Workflow applications using Maestro Core offer and demand CDOs to the
:ref:`Maestro Pool<cdo_management>`, a conceptual entity that represents the
set of resources contributed to Maestro, in particular the set of offered CDOs.
One typical use of Maestro Core is bypassing persistent storage for application
coupling, by way of the Maestro Pool.
:ref:`CDOs<cdo>` are basically Maestro Core currency, they contain data and metadata,
including user-defined metadata plus data semantics such as data layout
information and other information on the data usage the transfer scheduler may
take advantage of.
A minimal Maestro-enabled multi-app setup would consist in one producer
application, one consumer application and one Pool Manager application, the
latter being shipped with Maestro Core and alternatively invokable via the
Maestro Core API. The :ref:`Pool Manager<pm>` is a Maestro Core-produced
application that handles networking, transport scheduling and propagates
pool events for inspection.
.. image:: img/maestro_core_components.png
:alt: Maestro core components overview
:ref:`Events<events>` allow for higher-level control of the Maestro-enabled
workflow, and interfacing with many useful components. In particular, they
allow the implementation of data-driven Workflow Managers or more generally
Execution Frameworks, meaning they can schedule jobs based on CDO availability
and location which is indeed notified by events. :ref:`Data
management<cdo_management>` (and :ref:`memory management<mamba>` as well) is
then effectively delegated by Execution Frameworks and applications to Maestro
Core.
As an example of useful workflow components, staging and saving CDOs of choice
may be implemented by users via Librarian and Archiver components, the latter
relying especially on events to be notified of the availability of relevant
CDOs for archiving purposes.
A keep-alive proxy may allow to retain CDOs from being withdrawn from the pool,
which would be before they have been properly handled by all the components
that might have needed them.
Maestro-enabled components natively produce logs as well as a telemetry report
at finalize time, nonetheless Events allow to implement more specific
telemetry/logger components, with :ref:`selectors<events>` allowing
:ref:`cherry-picking<story_cherry>` of events and CDOs.

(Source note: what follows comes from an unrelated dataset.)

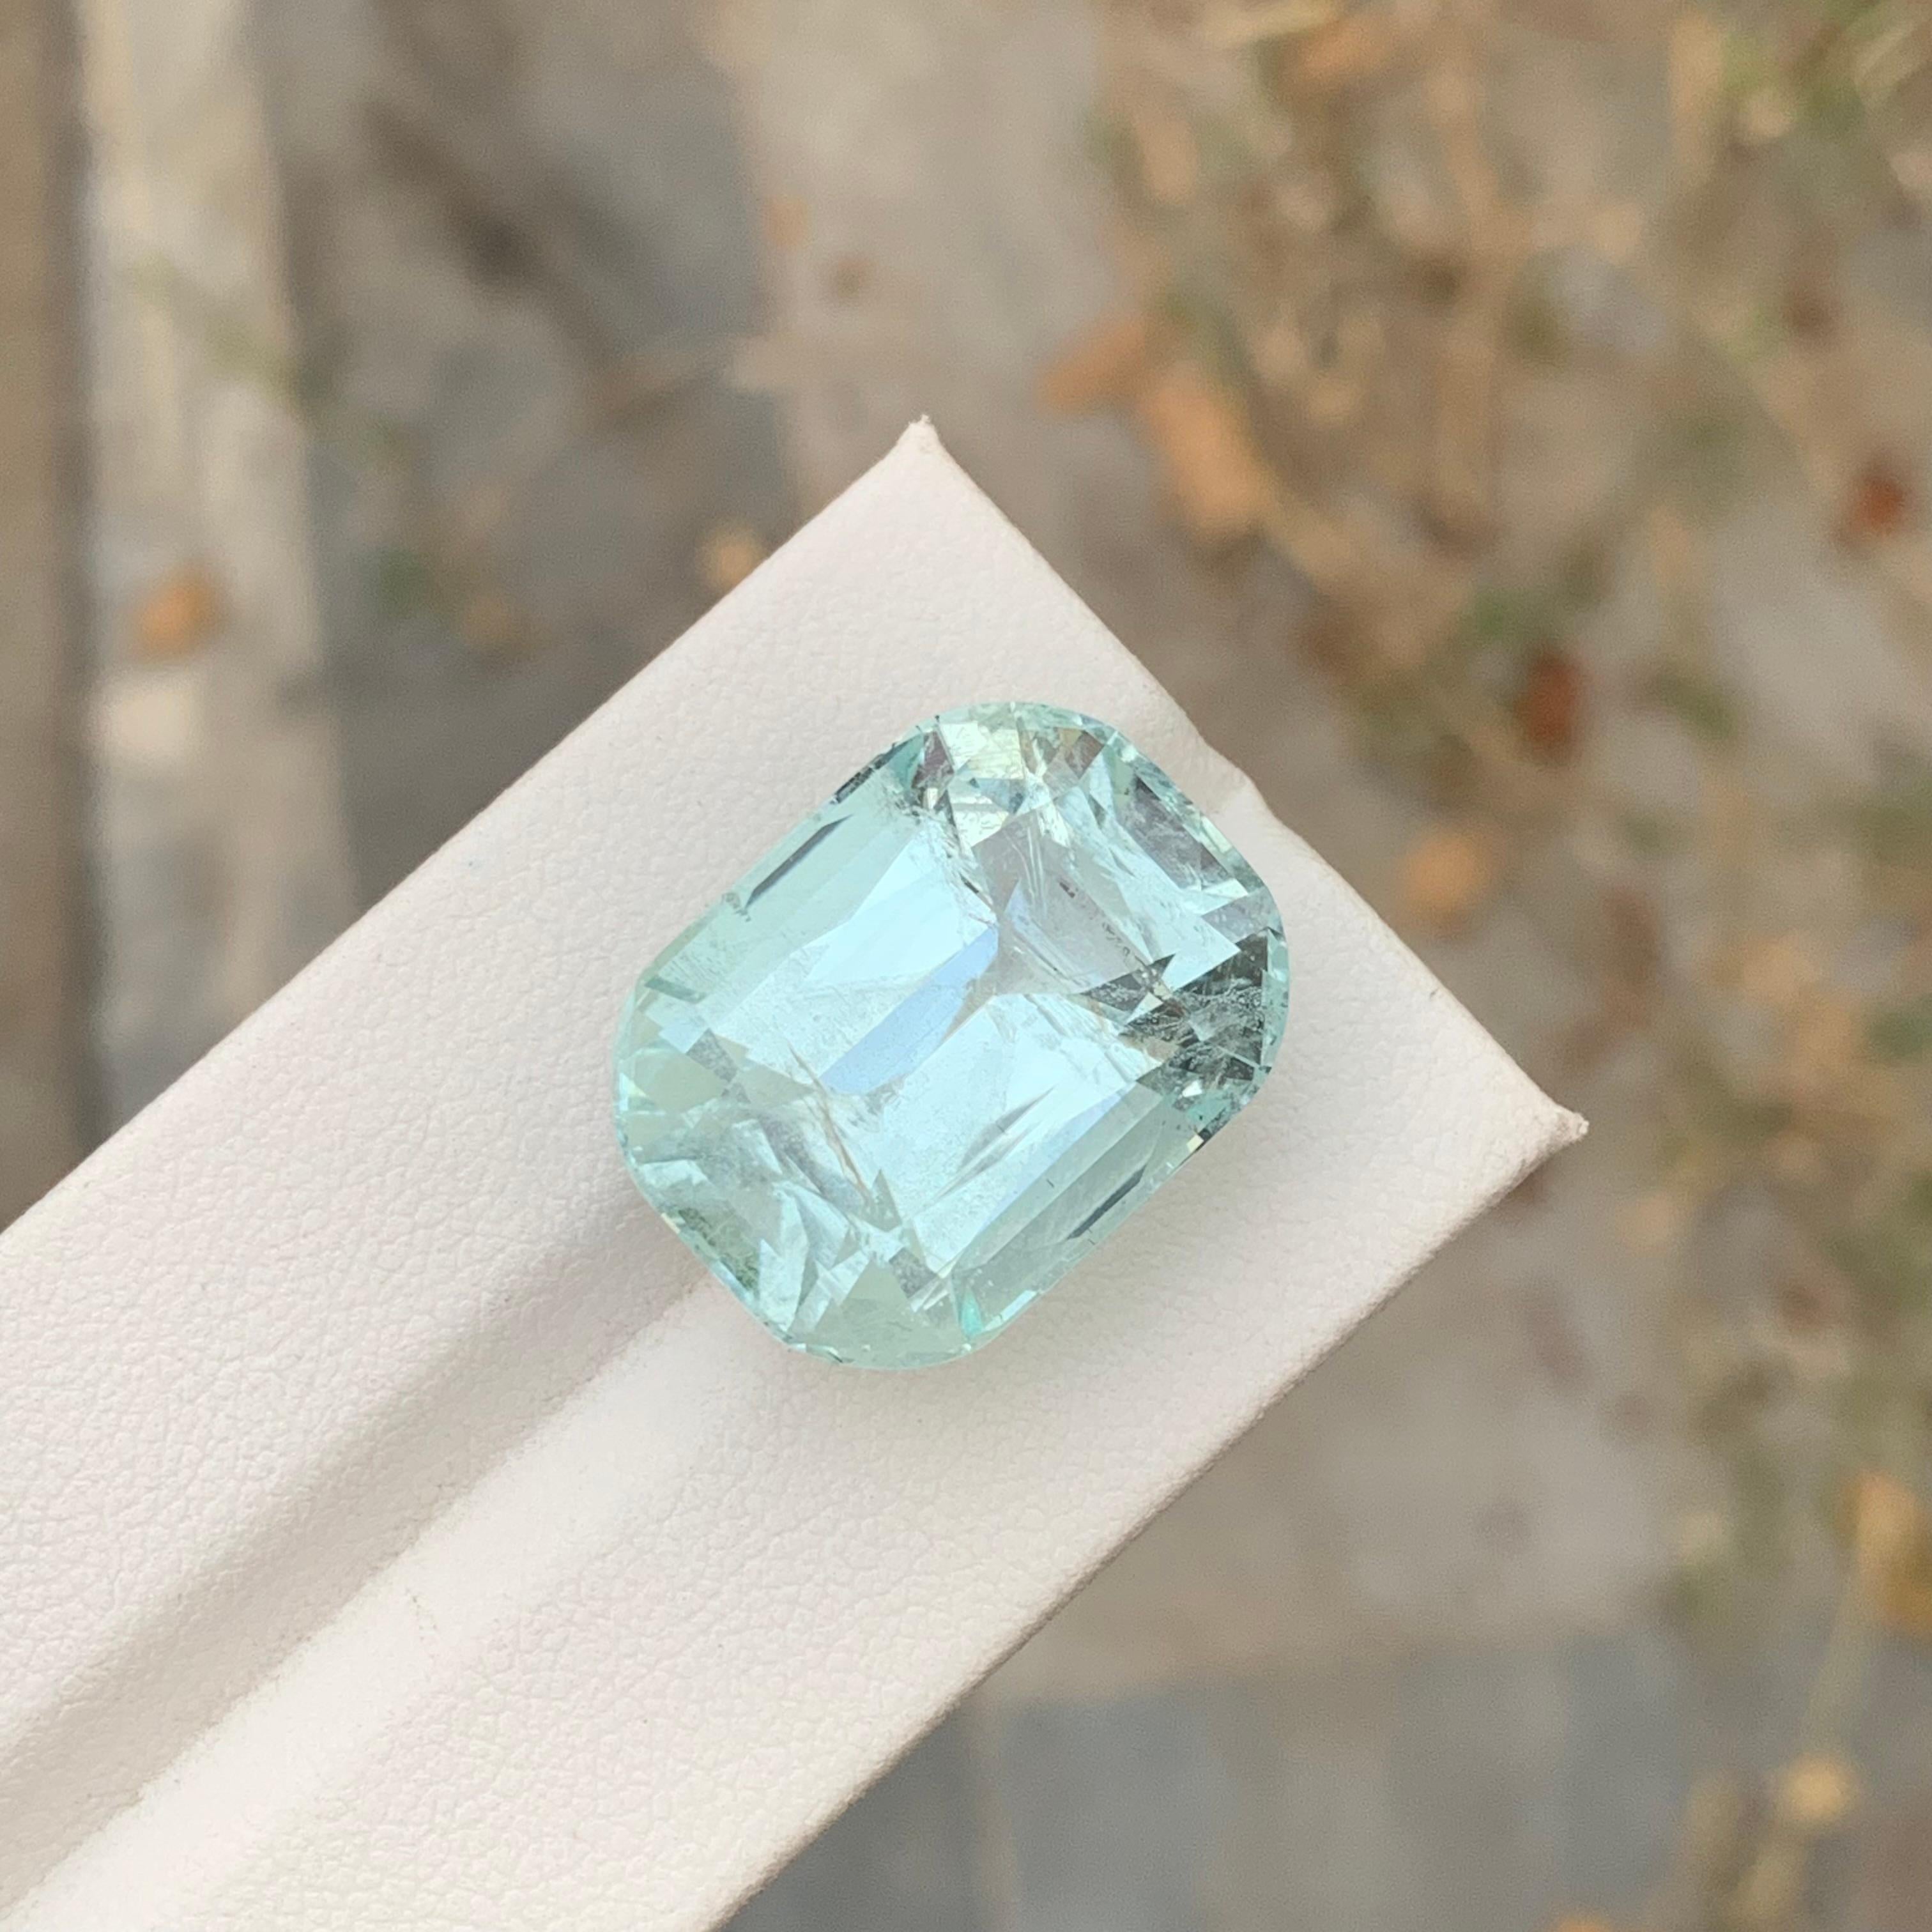 29.75 Carats Gigantic Natural Loose Aquamarine Included Gem For Necklace Jewelry For Sale 3

CDOs convey a great deal of data and memory semantics.
Data usage information such as CDO dependences or an eager transfer policy for
instance *(both yet to be implemented)* helps the scheduler and thus general
performance.
Data layout information lets Maestro make the transformations between a given
offered CDO in a given data layout L1 (say row-major) to the demanded CDO on
the consumer side that may have a layout L2 (say column-major). This allows
user to abstract away data layout, especially if tools / source-to-source
edition fills the data layout attribute (semi) automatically. Data layouts may
be distributed *(WIP)* and Maestro Core *will soon* handle the redistribution
complying with producer and consumer layout and dsitribution scheme
requirements.
.. image:: img/core_data_object.png
:alt: Anatomy of the Core Data Object
CDO location is expressed as a so-called Memory Object, which of course can mean a certain number of layers (DRAM, GDRAM, Parallel Filesystem, Object Store, etc) and associated access methods (pointer, path, object ID, etc.), which is then used by Maestro Core to handle the transport between layers and nodes.
Collections
- Group
- Selector (get/set, select, subscribe)
user metadata
Demos
-----
A few demonstrators are shipped with Maestro Core, which are compiled and run
through
.. code-block:: shell
make check
- Local multi-threaded setup ``demo_mvp_d3_2``: with a few parameters such as number of producer, consumer and archiver threads.
- Multi-application setup ``check_pm_interlock``: The interlock demo is a minimal workflow with Pool Manager and two applications, exchanging a CDO under the Pool Manager supervision, using filesystem and object store transport, RDMA is used if any transport unavailabilities.